### Recorded information

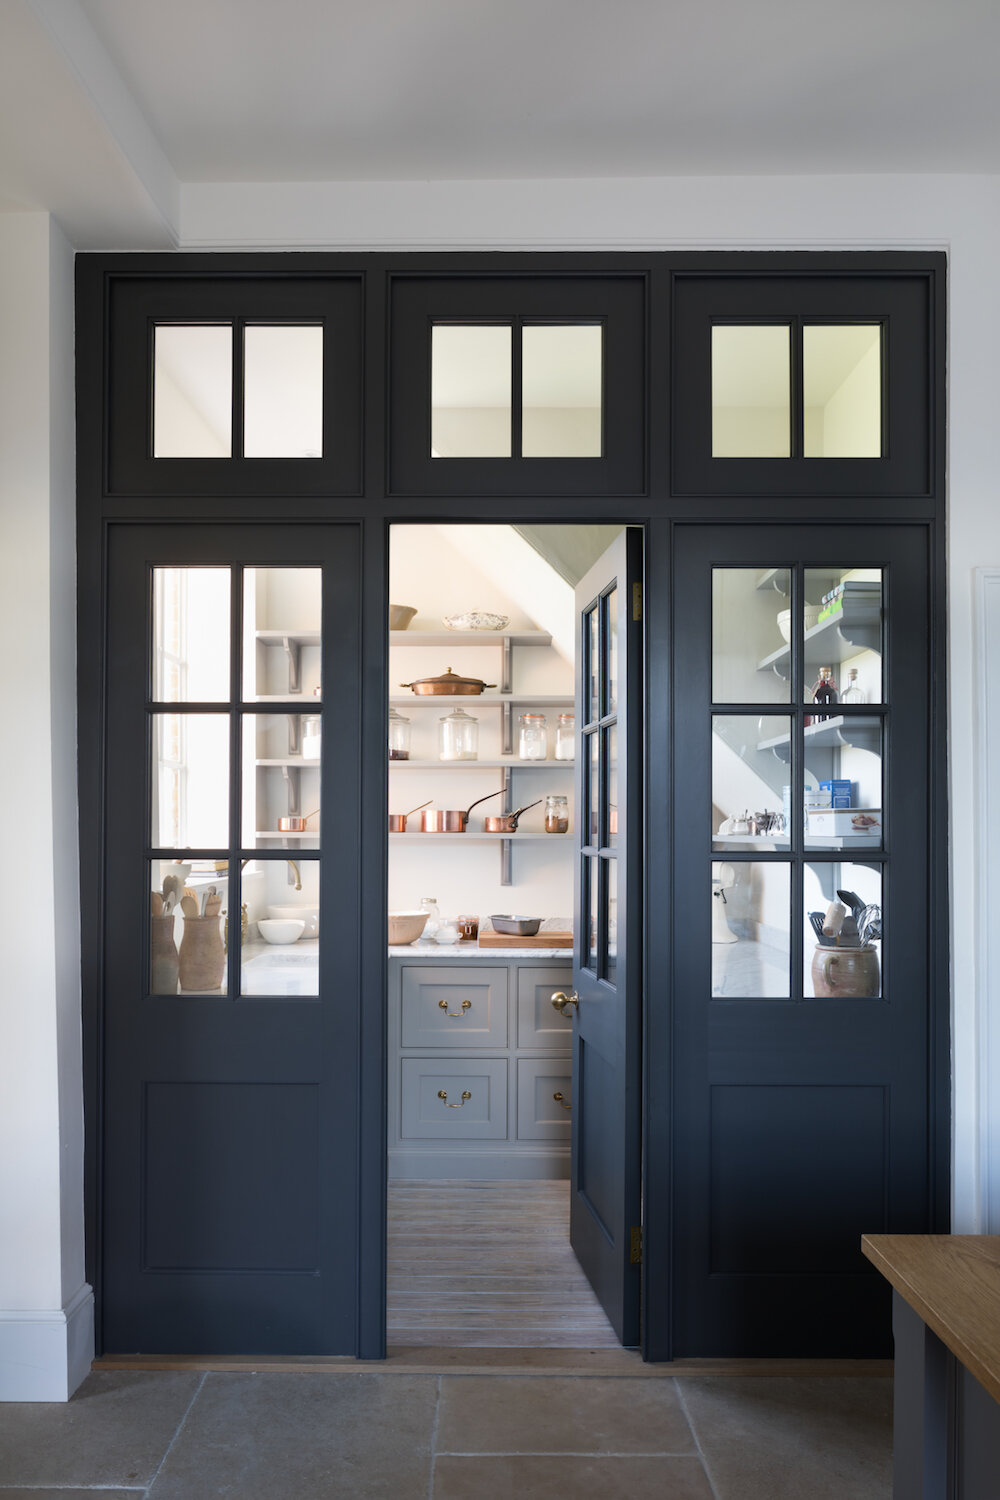 Pantry Room Entrance Door Yes Or No
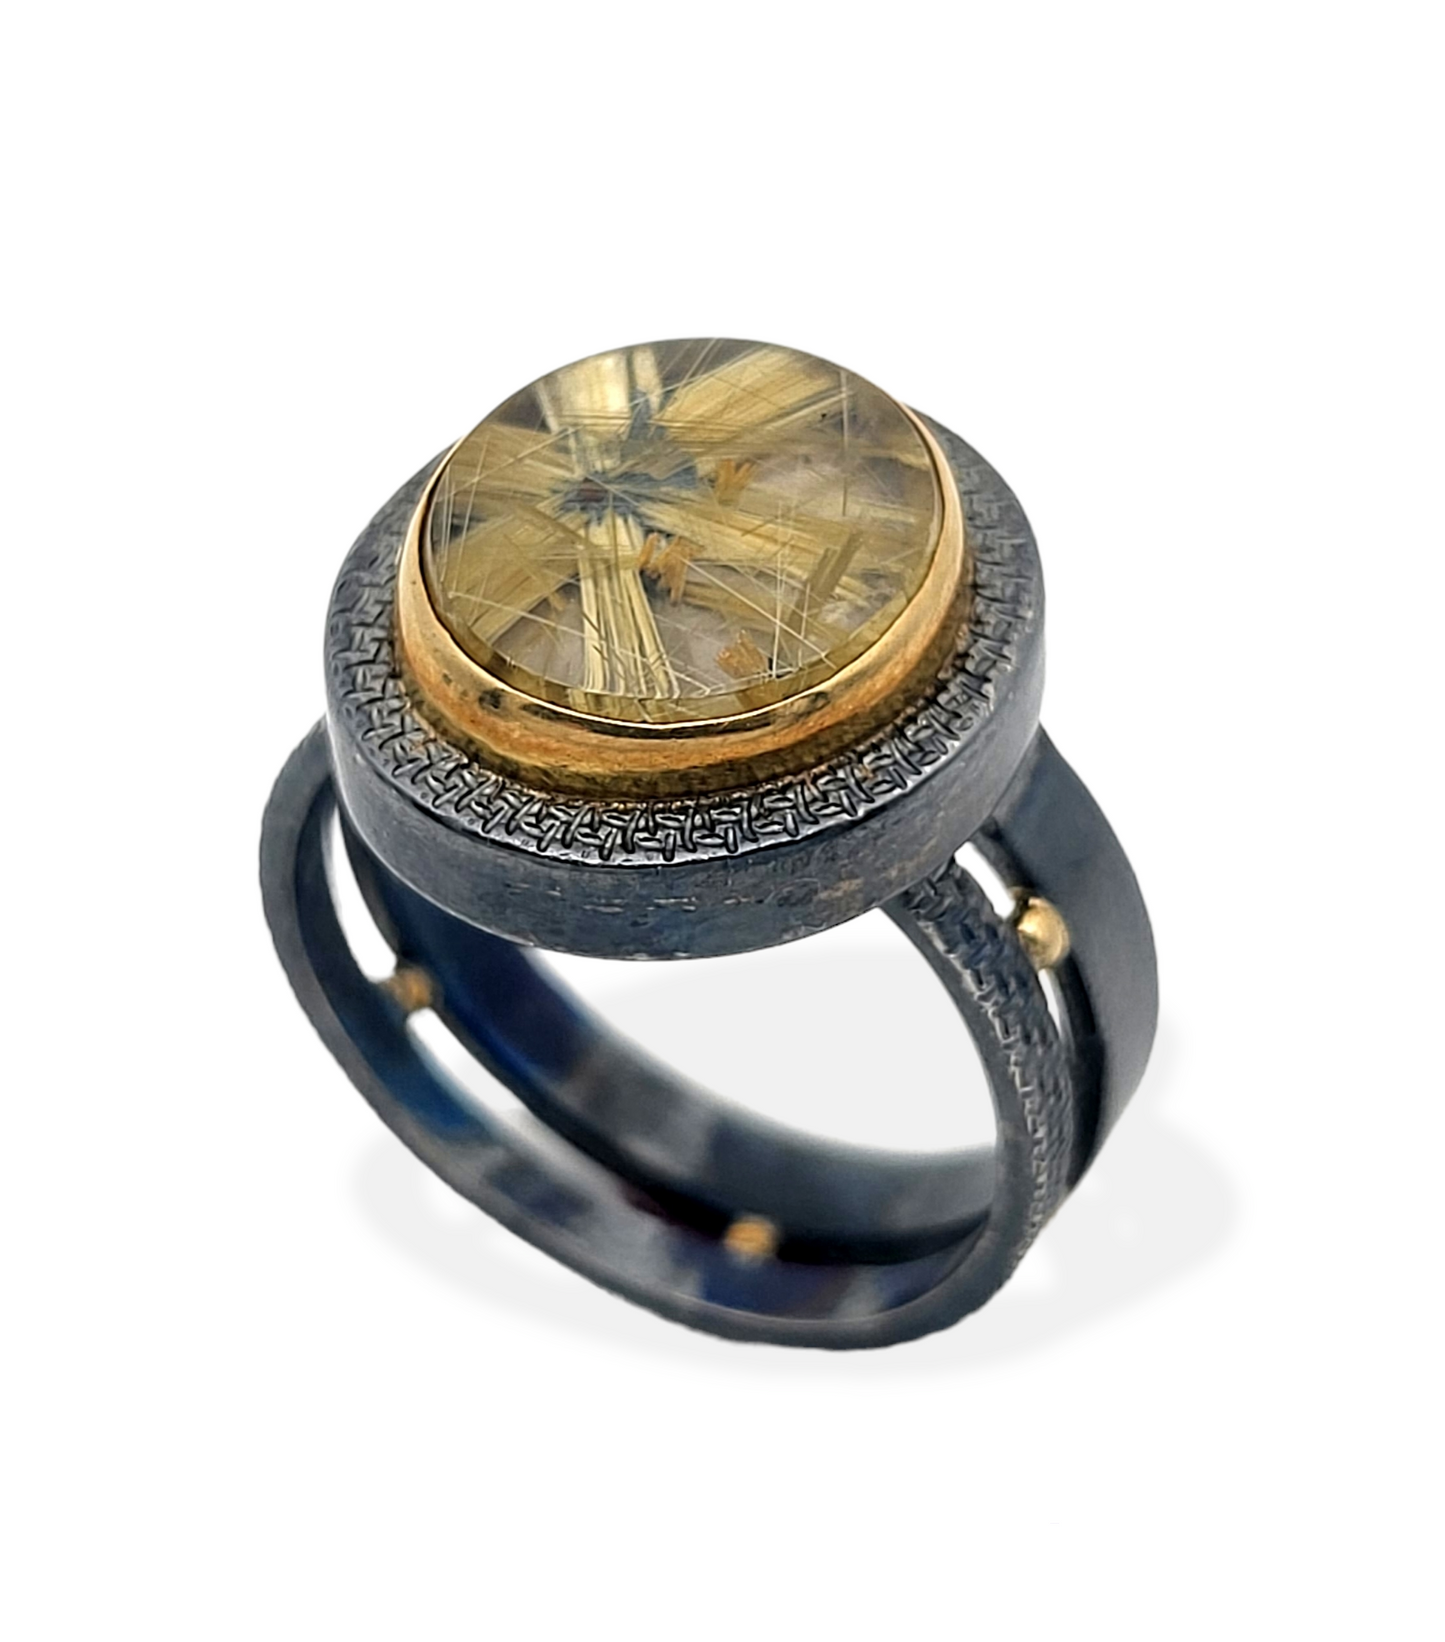 Oxidized Sterling Silver Ring with Rutilated Quartz and Gold Highlights
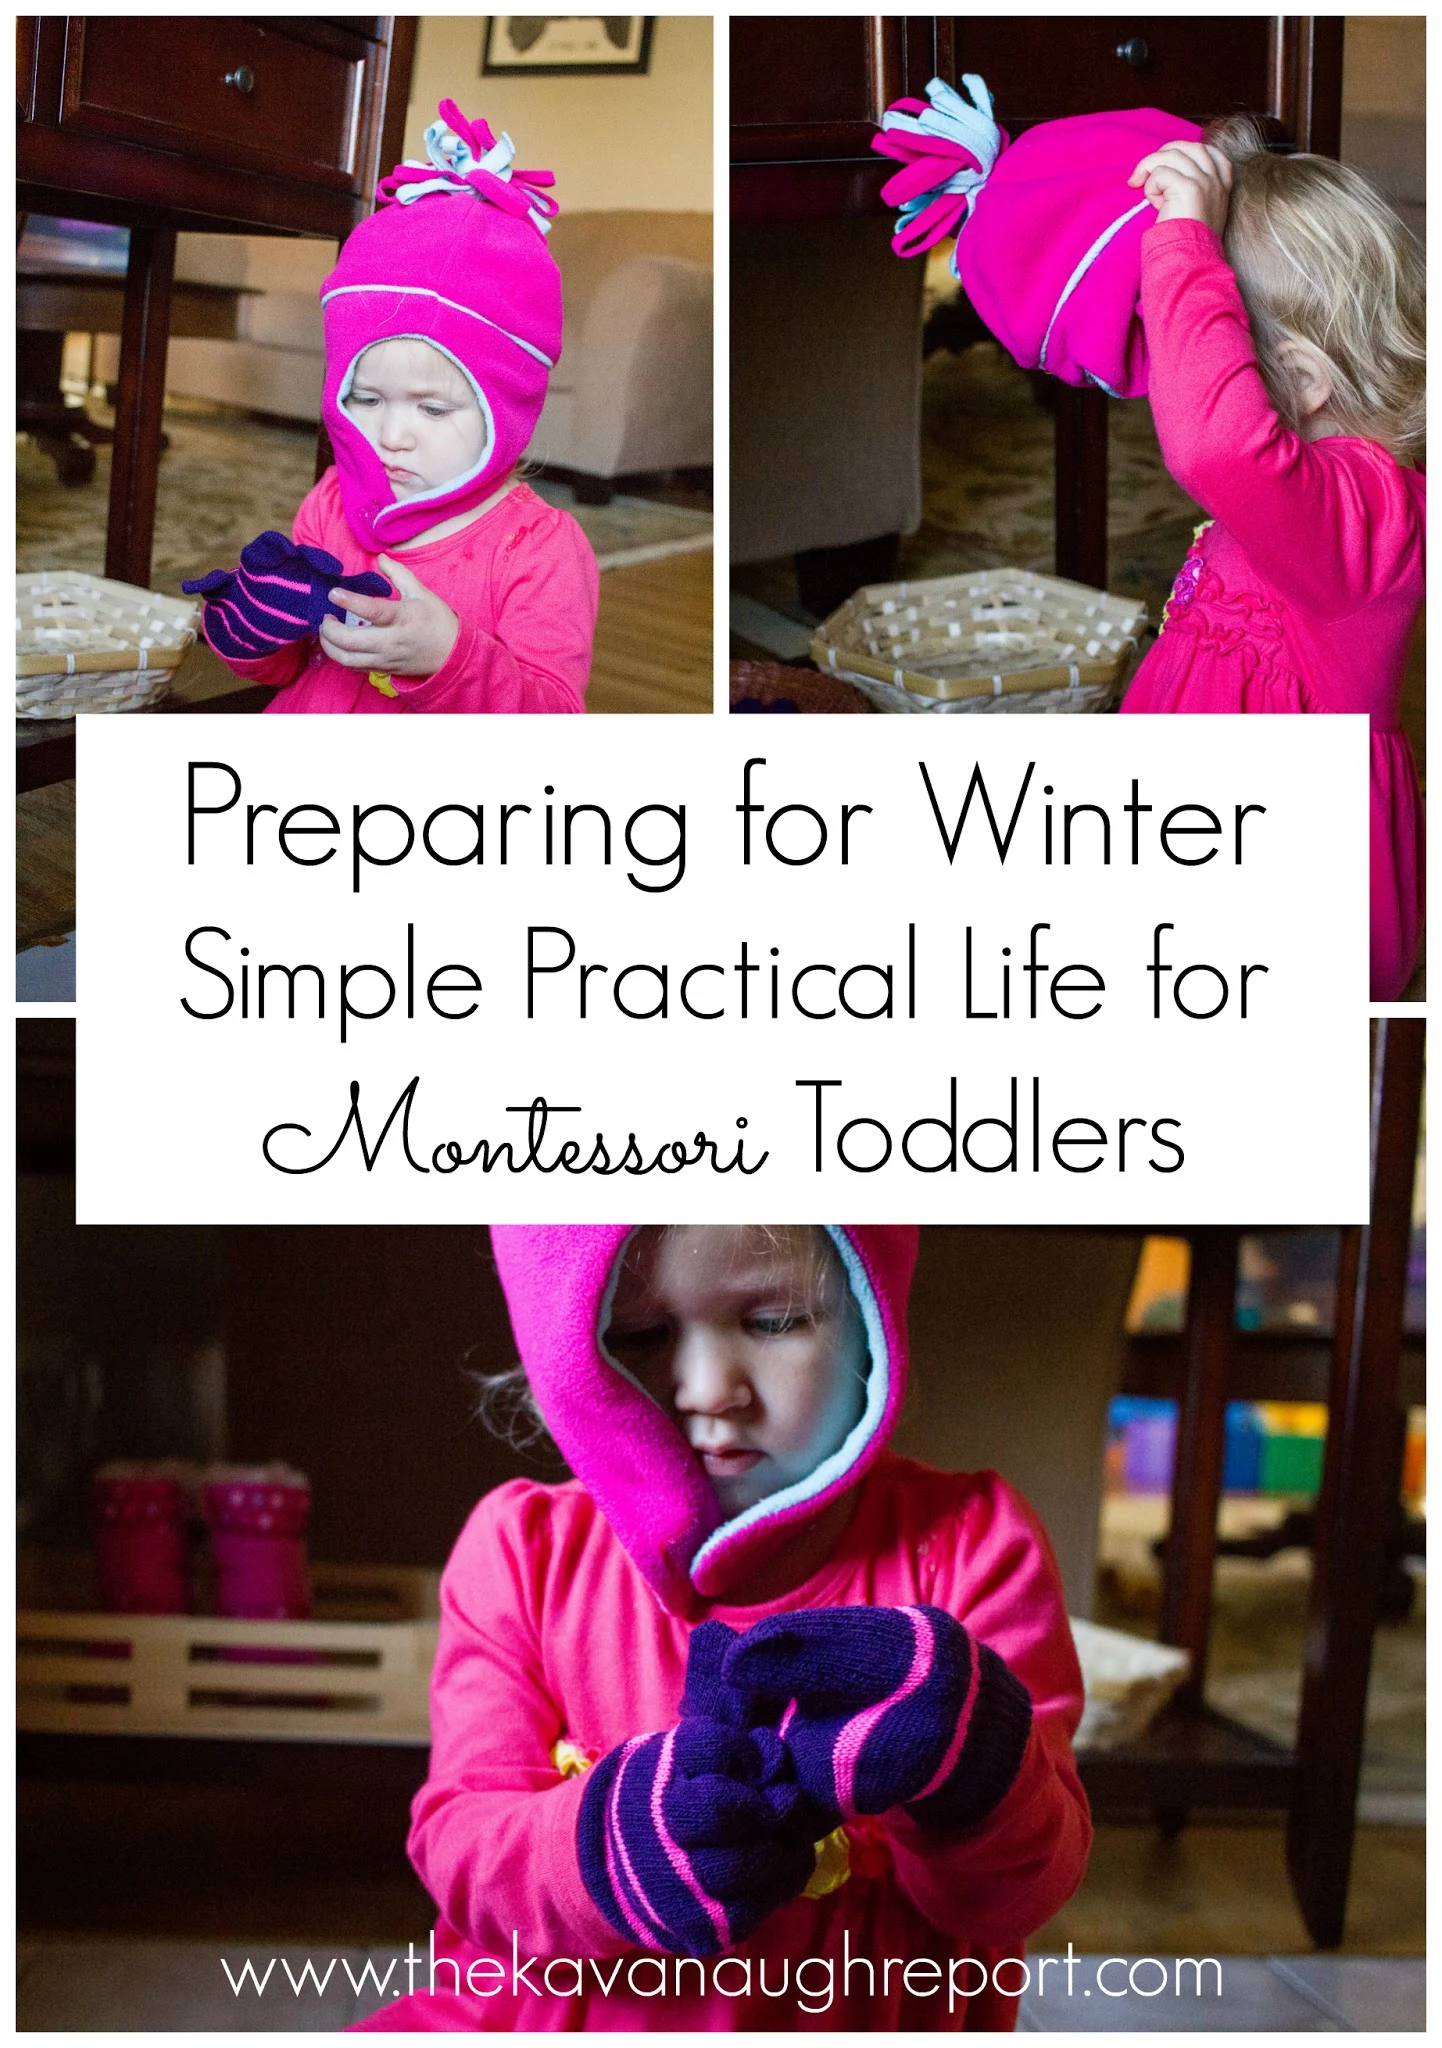 Montessori friendly tips for preparing for winter with your toddler.
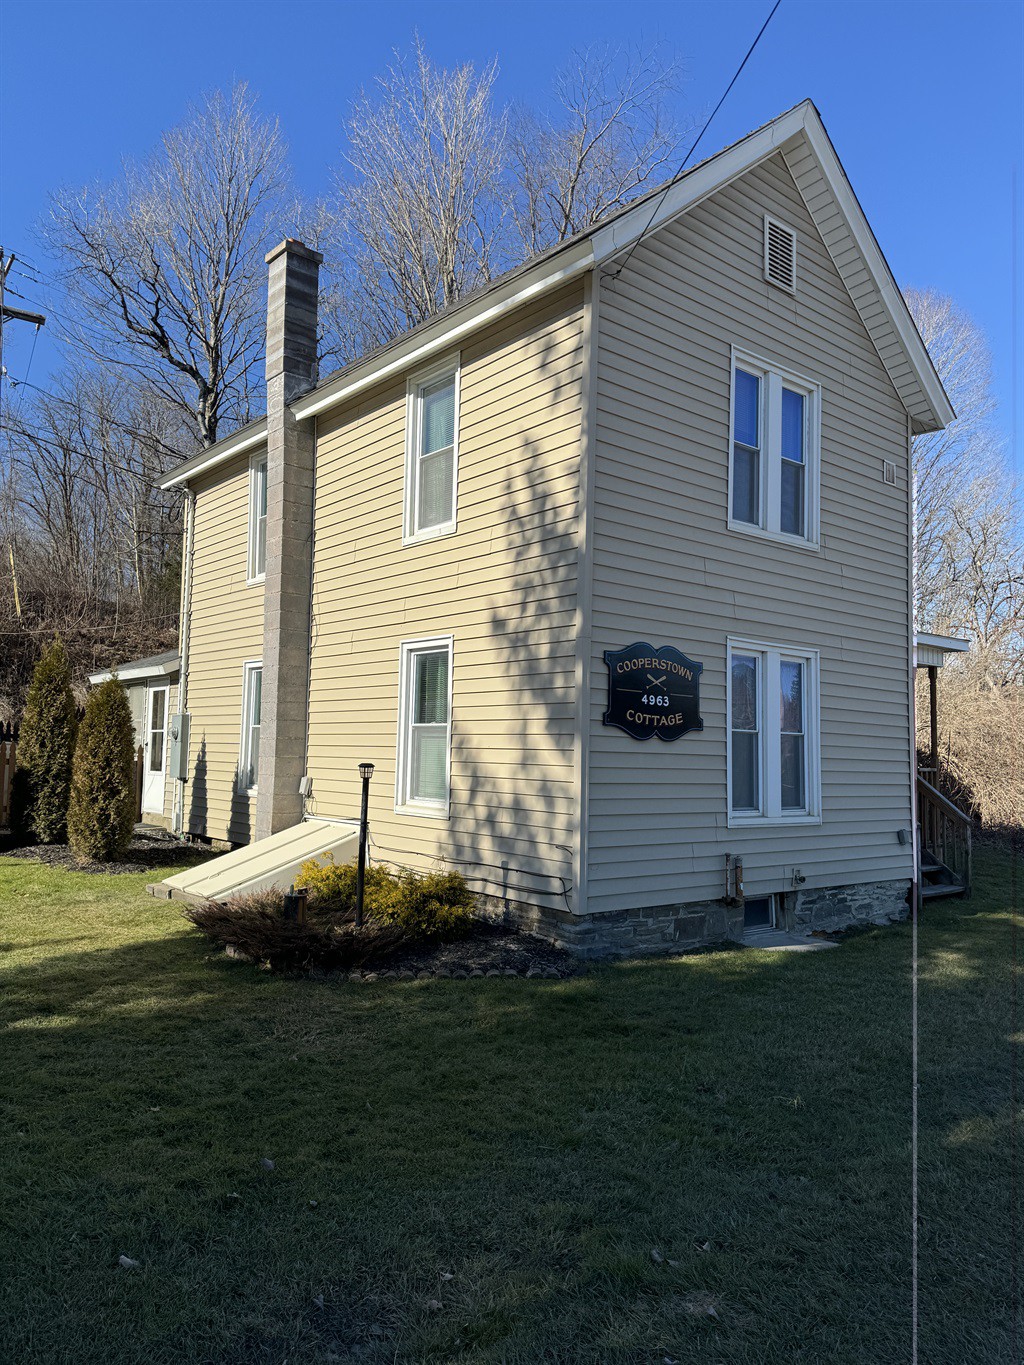 Cooperstown Cottage - 2 miles to Cooperstown Dream

### What you will do
Only the pictures are to be left out; copy all the remaining material above exactly.

### Exercise output
 Pantry Room Entrance Door Yes Or No
 Oxidized Sterling Silver Ring with Rutilated Quartz and Gold Highlights
 Montessori friendly tips for preparing for winter with your toddler.
 Cooperstown Cottage - 2 miles to Cooperstown Dream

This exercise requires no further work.